Server Software:        
Server Hostname:        localhost
Server Port:            8080

Document Path:          /said
Document Length:        166 bytes

Concurrency Level:      10
Time taken for tests:   10.263 seconds
Complete requests:      100
Failed requests:        0
Write errors:           0
Total transferred:      24000 bytes
HTML transferred:       16600 bytes
Requests per second:    9.74 [#/sec] (mean)
Time per request:       1026.313 [ms] (mean)
Time per request:       102.631 [ms] (mean, across all concurrent requests)
Transfer rate:          2.28 [Kbytes/sec] received

Connection Times (ms)
              min  mean[+/-sd] median   max
Connect:        0    0   0.1      0       0
Processing:   943 1021  43.3   1015    1170
Waiting:      838  933  47.3    927    1102
Total:        943 1021  43.2   1015    1170

Percentage of the requests served within a certain time (ms)
  50%   1015
  66%   1033
  75%   1042
  80%   1048
  90%   1064
  95%   1125
  98%   1166
  99%   1170
 100%   1170 (longest request)

Reference Arc is at least an order of magnitude faster. And meanwhile the Arcueid process has balooned to 1.5 gigabytes RSS. I think I know part of the reason why this is happening: Arcueid does not yet do proper tail recursion. There are large numbers of loops inside of srv.arc that make use of tail recursion, and their repeated runs make useless copies of their environments accumulate over time.

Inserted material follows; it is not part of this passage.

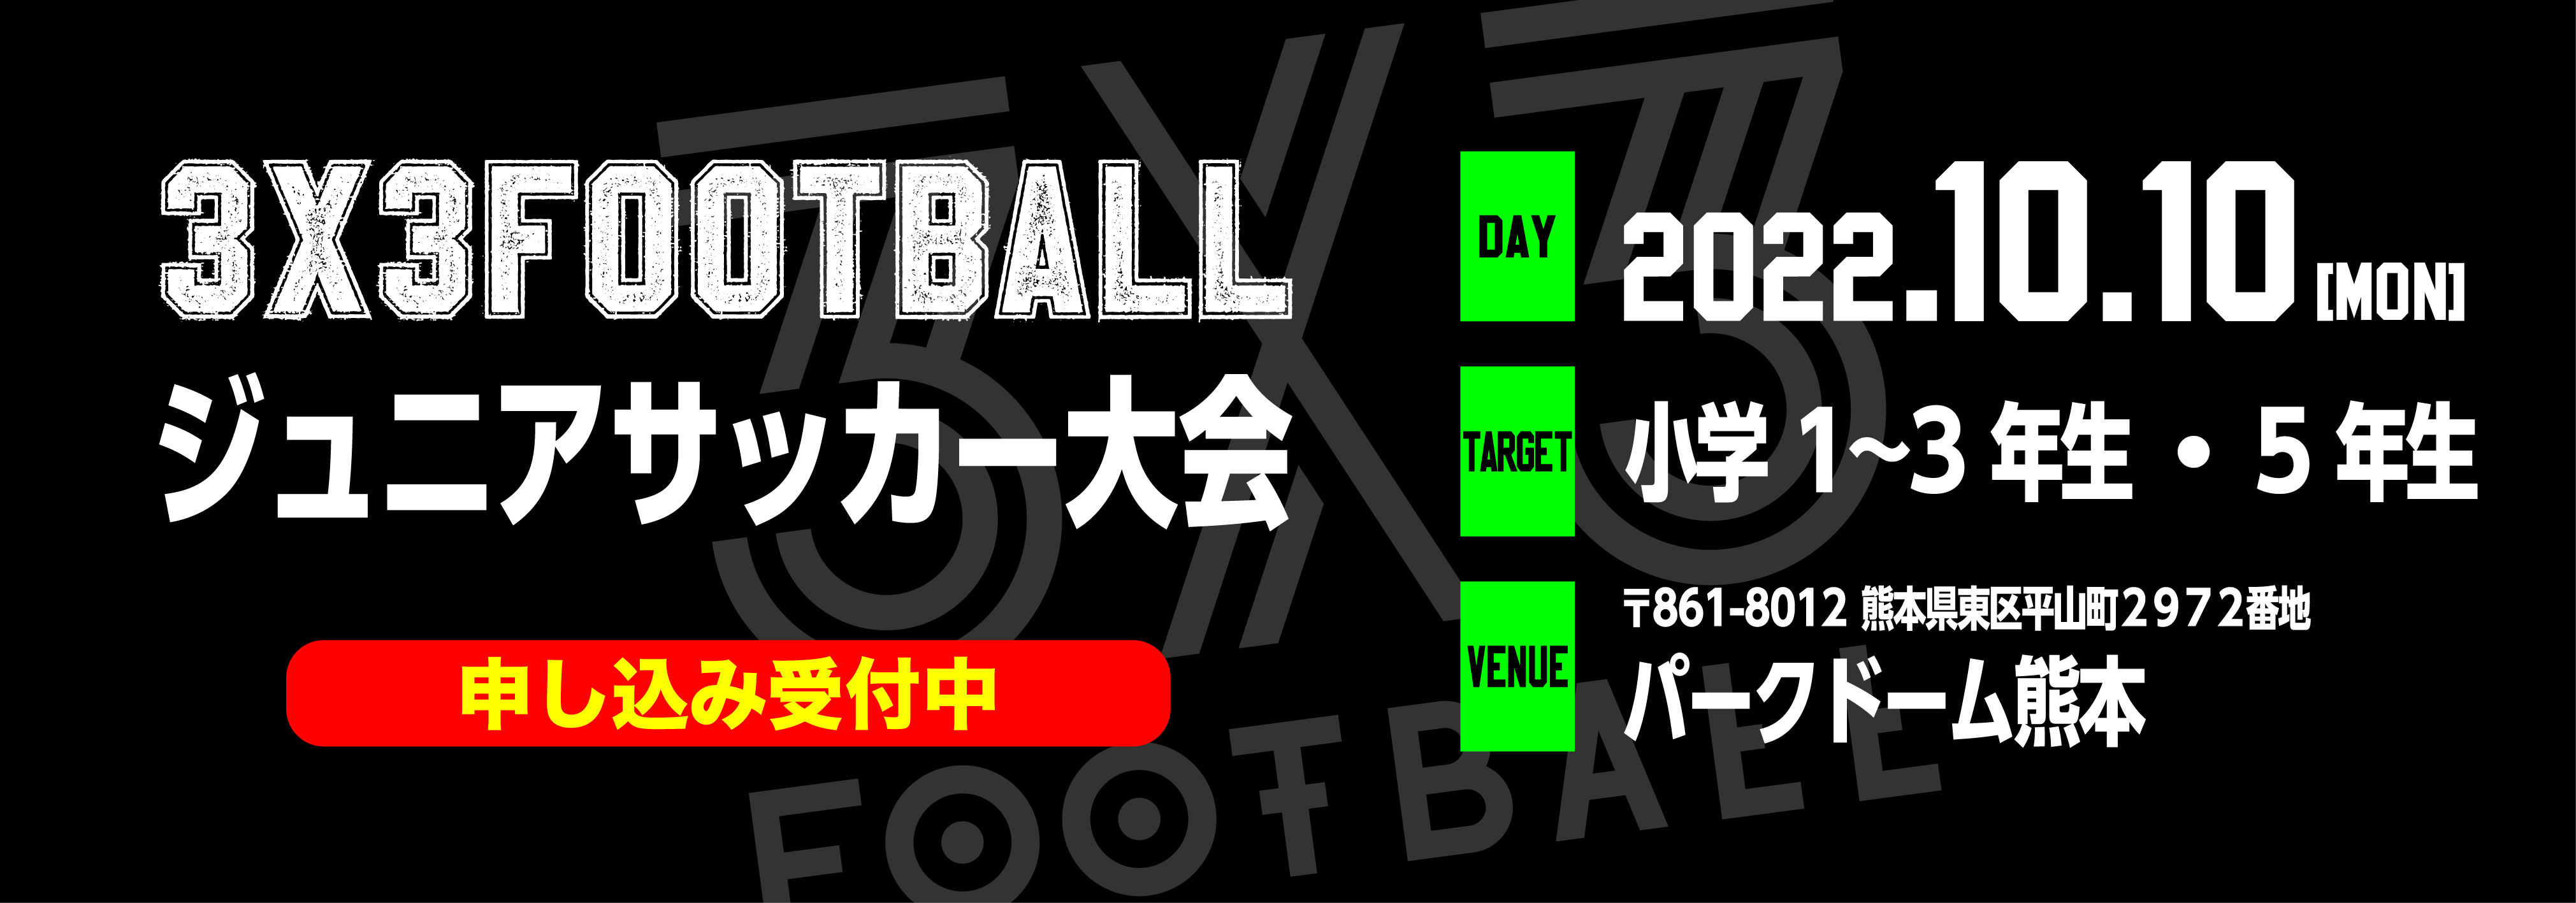 経験と日常 ソレッソ熊本 熊本のサッカークラブ

I just ran across a paper by Richard A. Kelsey (the author of Scheme48 among other things), that addresses precisely the implementation issue here. There are three methods described in Kelsey’s paper to address this: 1. Place environments in the heap instead of a stack and trust the real garbage collector to take care of business, 2. Overwrite environments on tail recursion, and 3. stack garbage collection.

The first method described in Kelsey’s paper, based on an idea by Andrew Appel, is also the simplest to  implement. It is also the slowest, based on Kelsey’s benchmarks. The virtual machine need only stop making new continuations for every tail call in order to do this. There are some complications involved here though, because error handling depends on the existence of a current continuation (and a tail call may not have one), but that should not be hard to address.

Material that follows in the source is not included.